Physics for Scientists and Engineers - Introduction and Chapter 1 Notes

Physics: An Introduction

Overview of Physics

Physics is a fundamental science concerned with the universe's basic principles.
It forms the foundation of other physical sciences.
Physics is divided into major areas:
- Classical Mechanics
- Relativity
- Thermodynamics
- Electromagnetism
- Optics
- Quantum Mechanics

Classical Physics

Mechanics and electromagnetism are fundamental to classical physics.
Classical physics was developed before 1900 and includes:
- Mechanics: Major developments by Newton, continuing through the 19th century.
- Thermodynamics
- Optics
- Electromagnetism: Developed until the late 19th century.
Classical Mechanics is also called Newtonian Mechanics.

Modern Physics

Modern Physics began near the end of the 19th century.
It addresses phenomena that classical physics could not explain.
Includes theories of relativity and quantum mechanics.
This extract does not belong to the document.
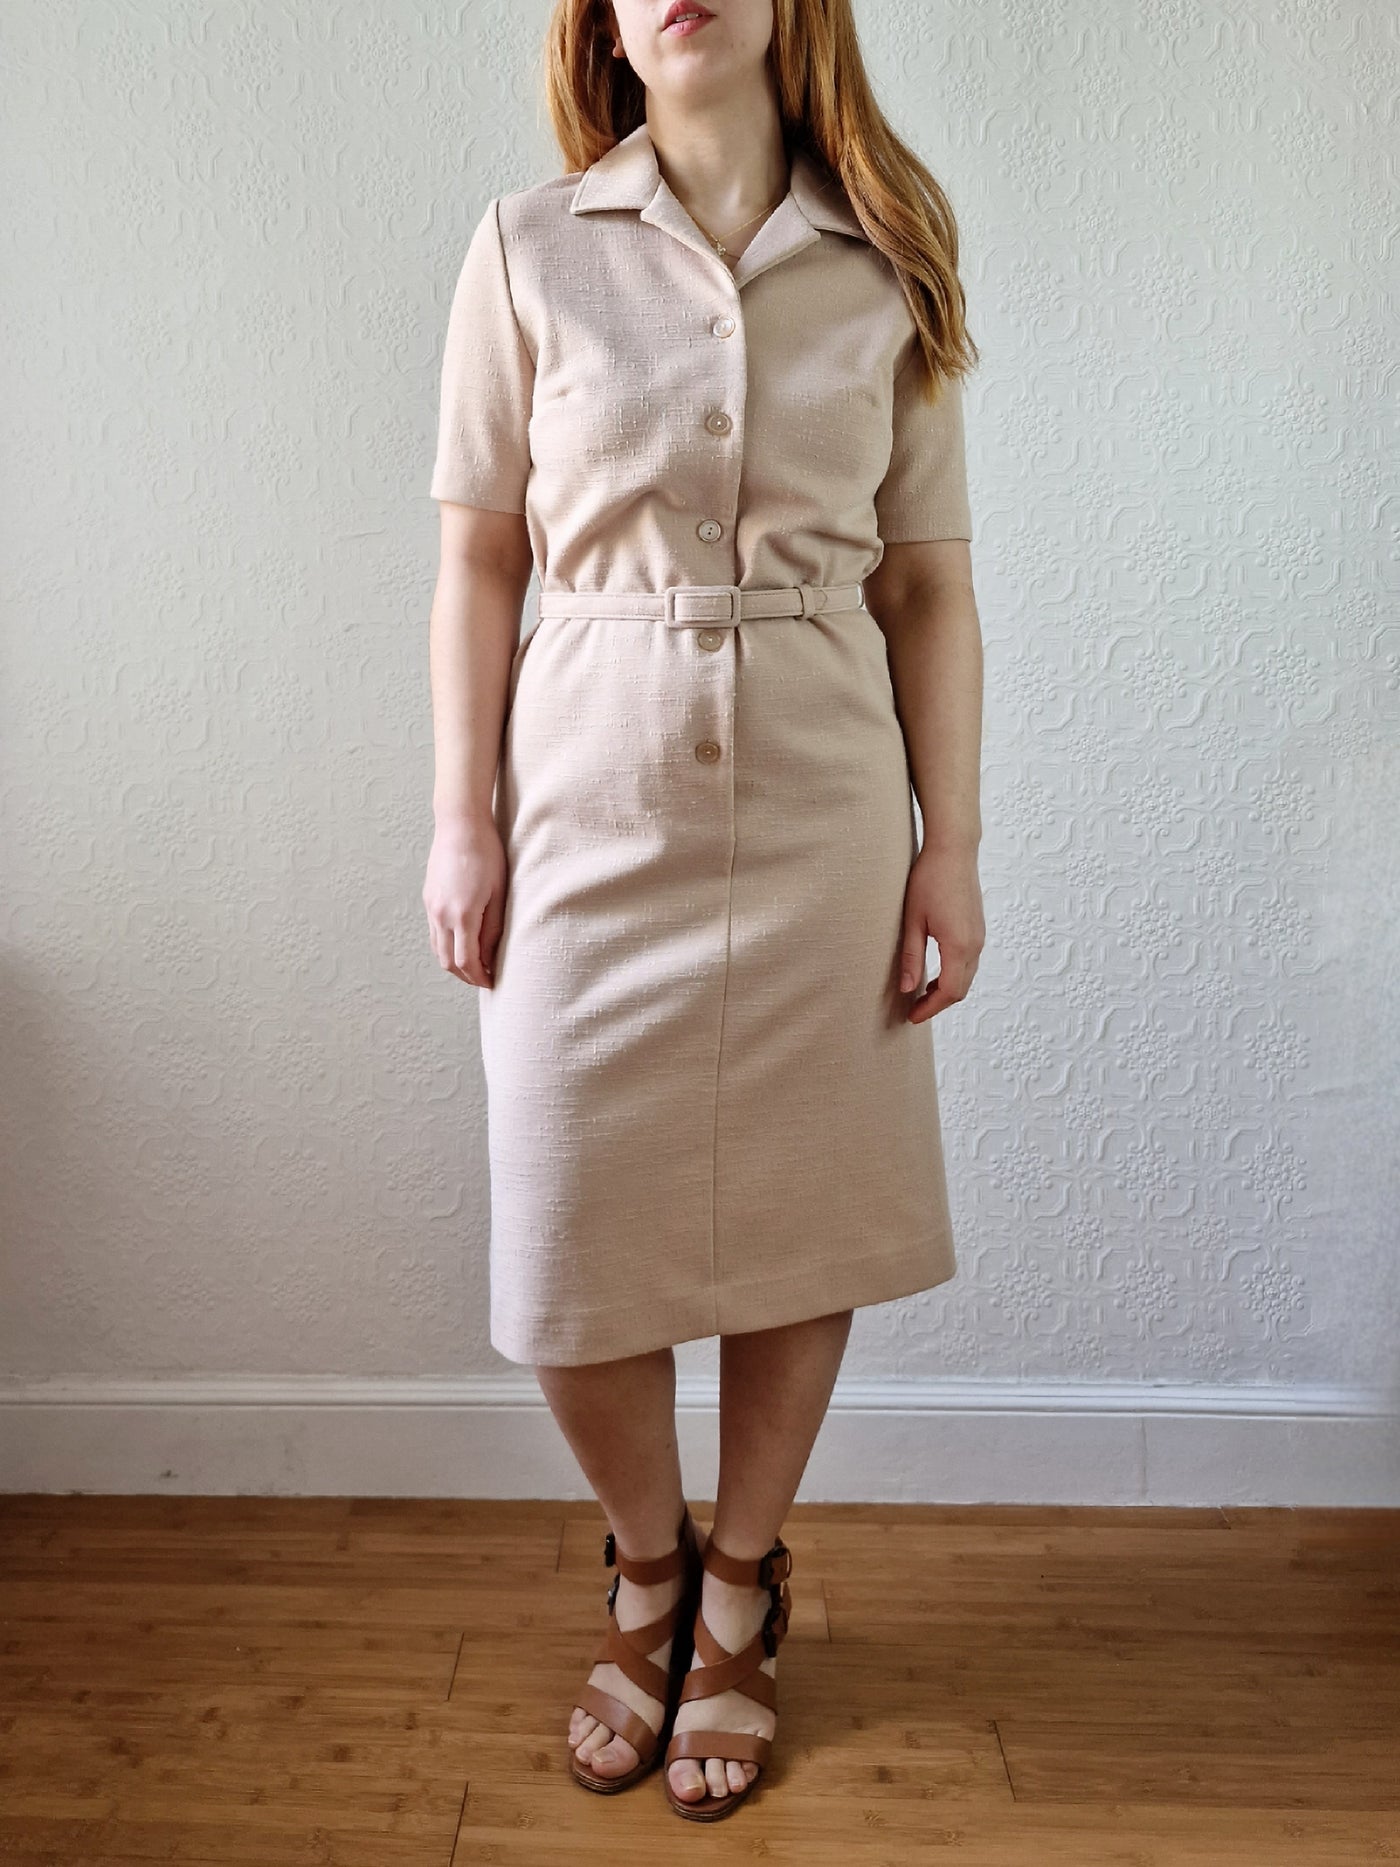 Vintage 70s Beige Short Sleeve Shirt Dress with Matching Belt - S

Importance of Classical Mechanics Today

It is still important in many disciplines.
A wide range of phenomena can be explained with classical mechanics.
Many basic principles carry over into other phenomena.
Conservation Laws apply directly to other areas.

Objective of Physics

To find the limited number of fundamental laws governing natural phenomena.
To use these laws to develop theories that can predict the results of future experiments.
To express the laws in the language of mathematics.

Theory and Experiments

Theory and experiments should complement each other.
When discrepancies occur, the theory may be modified.
The theory may apply to limited conditions. For example, Newtonian Mechanics is confined to objects traveling slowly with respect to the speed of light.
The goal is to develop a more general theory.

Basic Quantities in Mechanics

Three basic quantities are used in mechanics:
- Length
- Mass
- Time
Derived quantities can be expressed in terms of these basic quantities.

Standards of Quantities

Standardized systems are agreed upon by some authority, usually a governmental body.
SI (Systéme International) was agreed to in 1960 by an international committee.
SI is the main system used.

Length

Units:
- SI: meter (m)
Defined in terms of a meter – the distance traveled by light in a vacuum during a given time.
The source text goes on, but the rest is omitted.